King Hrothgar, on 27 October 2012 - 05:06 AM, said:
Is the game complete? No, of course not. Is it buggy, glitchy and downright frustrating at times? Absolutely. Are there serious balance issues? Clearly. And this ladies and gentlemen is why it's called "beta." The key requirement for an open beta is a reasonably stable program that works and has the core elements of the game. MWO fits that description. It has the basic mech on mech action and the program doesn't CTD every 5 minutes. It's core problem right now is a lack of content, screwy interface and lack of documentation. That is completely acceptable for an open beta.
Here's the problem with the way you view it. You're a founder, which means you bought in to support this game. It means that you are willing to see it through for the most part to the bitter end. I'm not saying thats bad. Not everyone is a founder and the majority don't share your views. So PGI sold like something close to 50,000 founder packs, ACROSS THE GLOBE. They made 5.2 million dollars ACROSS THE GLOBE. It's not like they sold 50,000 packs in just one continent or one demographic. Basically everyone who was or is a Mechwarrior or Battletech fan bought a founder pack. Those that are but didn't are probably waiting to see if the game gets better.
PGI has already saturated their target demographic. Open Beta is a push to get it exposure to a whole different demographic. The problem is that the majority of gamers don't want to spend money or play a game that's as buggy as this game. Most of us do because we haven't seen a Mechwarrior game in 10 years. The rest could care less if this games name is Mechwarrior or Hawken or Mech Assault. They want the game to be fun, they want to be able to learn it, and they don't want the headache of bugs interrupting their game.
Right now the game is stale in content. I could care less about Endo or DHS or FF, because only Endo is really useful and DHS doesn't work right now, and judging by their reply it may never work correctly, that has yet to be seen. The core of the game is a deathmatch with 2 dropship beacons at each end of small buggy maps. It gets old very quick, because the games are so fast, and in trial mechs they are even faster because you just leave and join in another one. Mechwarrior is not a game about who gets to the dropship faster or who kills more mechs within 15 minutes. It's about taking planets, assaulting bases, protecting VIP's, protecting bases, tactics and strategy to achieve those goals. This is not Mechwarrior but World of Mechs right now. We've got mechs that look like Battletech Mechs and we've got the name on a product along with some of the tech to go with it, but quite frankly this does not feel like the Mechwarrior that I know and played more than 10 years ago.

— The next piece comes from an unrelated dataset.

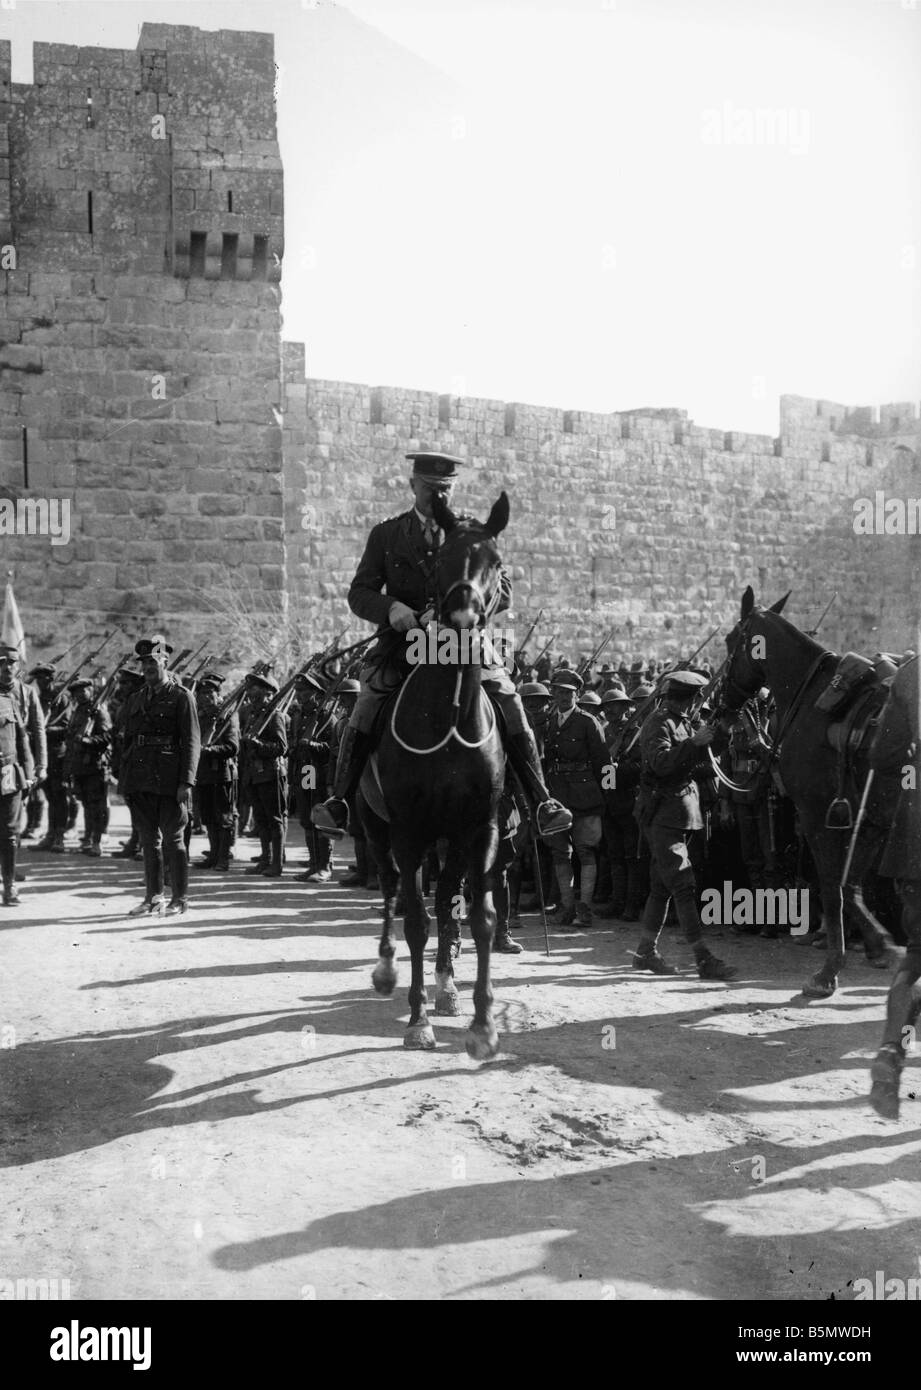 9Es 1917 12 9 A1 1 E WW1 captura de Jerusalén por Gran Bretaña Guerra Mundial 1 Turco batallas británico captura de Jerusalén por British tro Foto de stock

Faith in this product would be easier to hold if they didn't ignore the community and simply do things that spite them in order to uphold unrealistic deadlines. For the most part, everyone knows this game is not ready for Open Beta even though it is called Open Beta, it is still a public launch. It is when everyone in the public gets to play it and see it for what it is and make up their minds. If it was a little buggy and more feature complete, I would say it has a fighting chance. The state it is in right now I would say the chances are slim to none at best. This is a F2P game which means that when they launch it, no one has to pay as so many of you have pointed out. No one has to feed PGI's stomach's or pay their running costs. It's not like a retail AAA title than can run on a franchise and be sold for $60 bucks on consoles and PC's where the Developers and the Publisher's recoup their costs in record time. They have to make their money from constant sales and microtransactions. That means there has to be people playing and there has to be something worth buying. Without that, this game is dead.